For now, at least, God is to be found far from the noise.
Jesus, the ultimate whisper in a loud world.
Days after my overreaction, I’m still stinging from the incident. Like happens nearly every time in these situations, what I meant to say hits me later, and boy, would it have been so much better. What I should have said was NOTHING. Or the conversational equivalent of it, a throwaway phrase like, “Well, that’s something to think about,” or even “That’s above my pay grade \- pass the chips\!”
If something more substantial was warranted, perhaps I should have just bared a piece of my unsettled heart, should have said something along the lines of, “I’m just afraid we - and I do mean we, those of who confess that Jesus is not simply a respectable figure for whom we should sing carols at years end - are not acting in our political theaters like we do in our homes and our churches. And it’s hurting people.”
That’s not how I responded, though, and by doing so, I spread the hurt by which I was so offended.
That is, as they say, the bad news (BTW, I’d love even a fraction of the royalties “they” must be receiving for all of these phrases “they” have coined. I could pay for at least part of the therapy caused by all of these “feelings”.) But there is also good news, a Gospel, so to speak. God, through that same Son born in a backwater town, is the originator of mercy, that mercy being renewed every morning.
In my life, part of that mercy is evident by merciful people who reflect a good God, those who allow me to fall flat on my face and then on my proverbial sword and ask for forgiveness. In this case, I was given the chance to at least show those I responded poorly to that I know my response was not right, even if my intention was, well, at least closer to that. And I was, in turn, met with undeserved kindness and forgiveness.

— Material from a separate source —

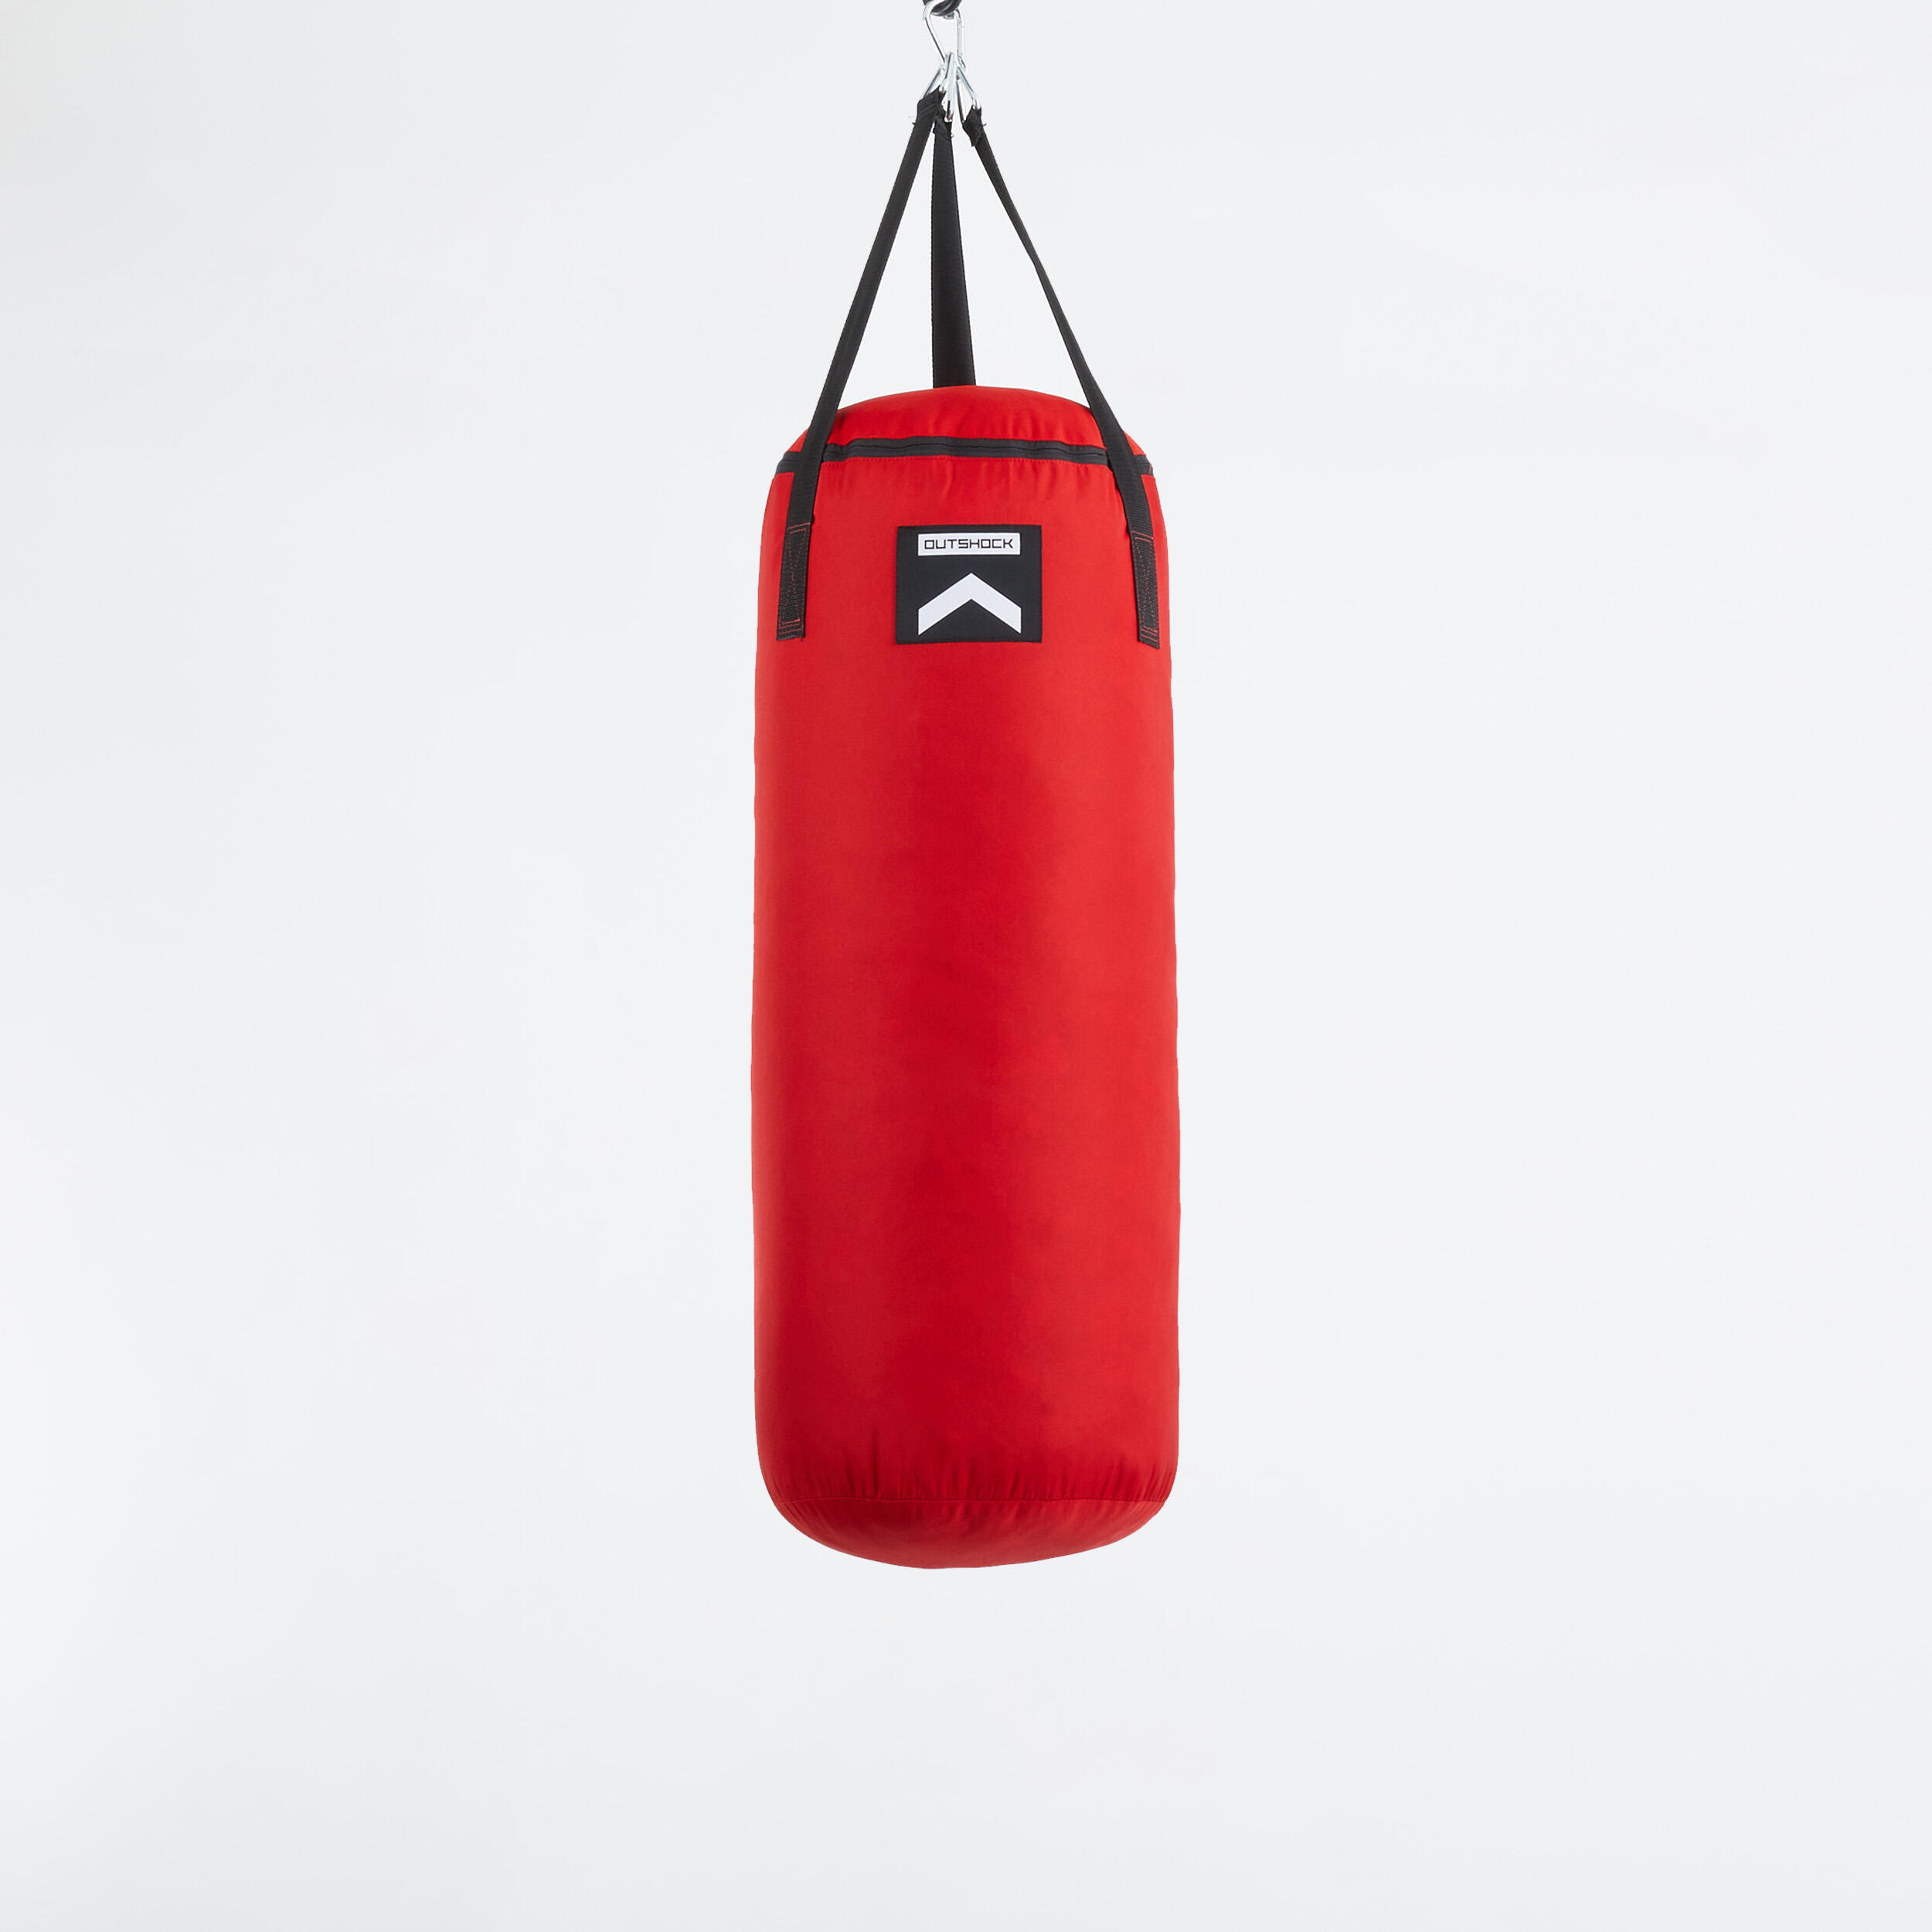 Punching Bag with Stand Heavy Sand Bag for Home Gym Boxing Workouts 220lb  Max | eBay
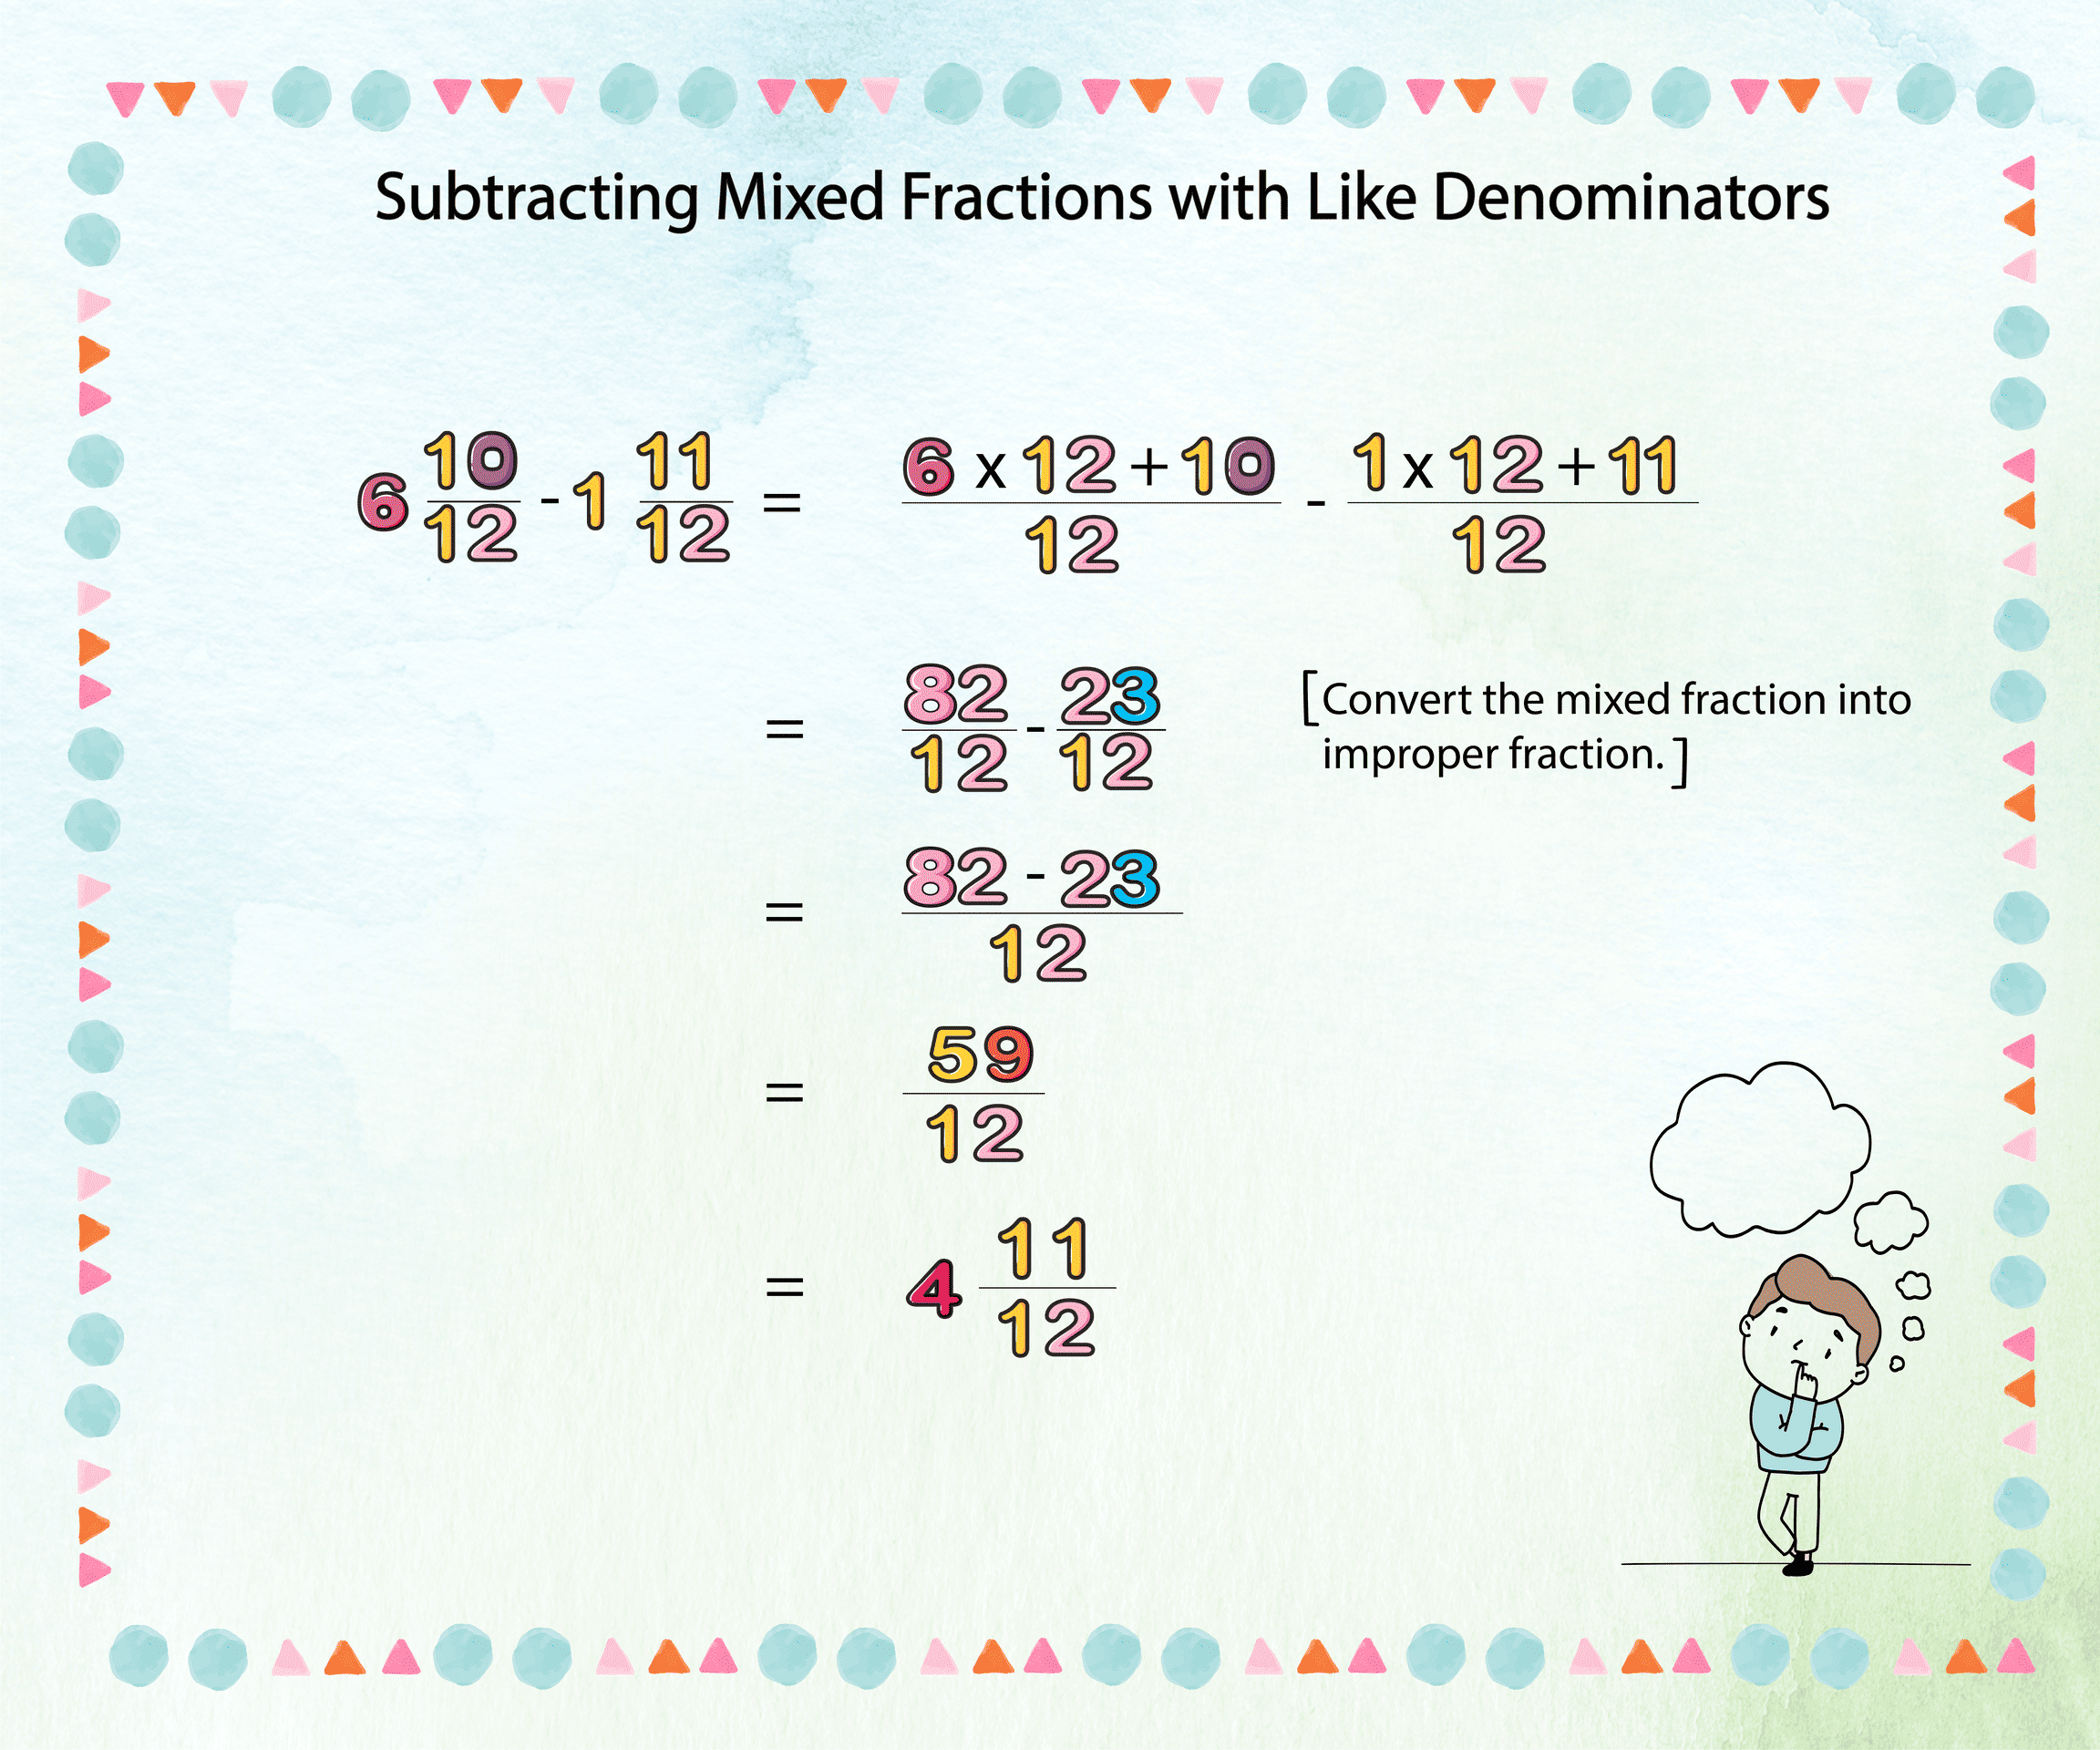 Subtracting Mixed Fractions with Like Denominators

That mercy also manifested in yet another opportunity to deny the noise in favor of the whisper.
Perhaps you’re like me in this way. Perhaps you have looked to the noise to find, if not God, then at least meaning. Perhaps, like me, you STILL return to the noise because sometimes there is an uncertainty and discomfort in the quiet, and you just think that a bit of distraction will help. Perhaps you have discovered, like me, that these distractions, ironically, not only do not stave off anxiety and fear but nurture it, being themselves the very conduits for the chaos. Perhaps, feeding off the commotion, you have defended a position out of pride or spoken out of a sense of indignation born of shame.
Maybe you have stood honestly and echoed Elijah: I am scared, and I am tired, and I am done.
But maybe, in those times when you have slowed down enough to invite the still, small voice to whisper into your life, you have been astounded by what it has said, and it has changed you.
The signal amongst the noise.
In any case, if you’re reading this (and assuming I have been given another moment to publish it), it is another day. Another day to eschew the noise and pursue the voice of God. Another available well of mercy.
And tomorrow? Another year.
Here’s to whatever time we have left being consumed with trading the noise for something much better.
What is God whispering to you?



He always whispers love. A love to be conveyed and shared in abundance. Without assigning me the task of judgment- in fact, that being the thing He tells me not to do. Bless you Phil for allowing us the privilege of witnessing you taking responsibility for something you did that you wish you would have done differently. That takes courage and character and is something we can all relate to.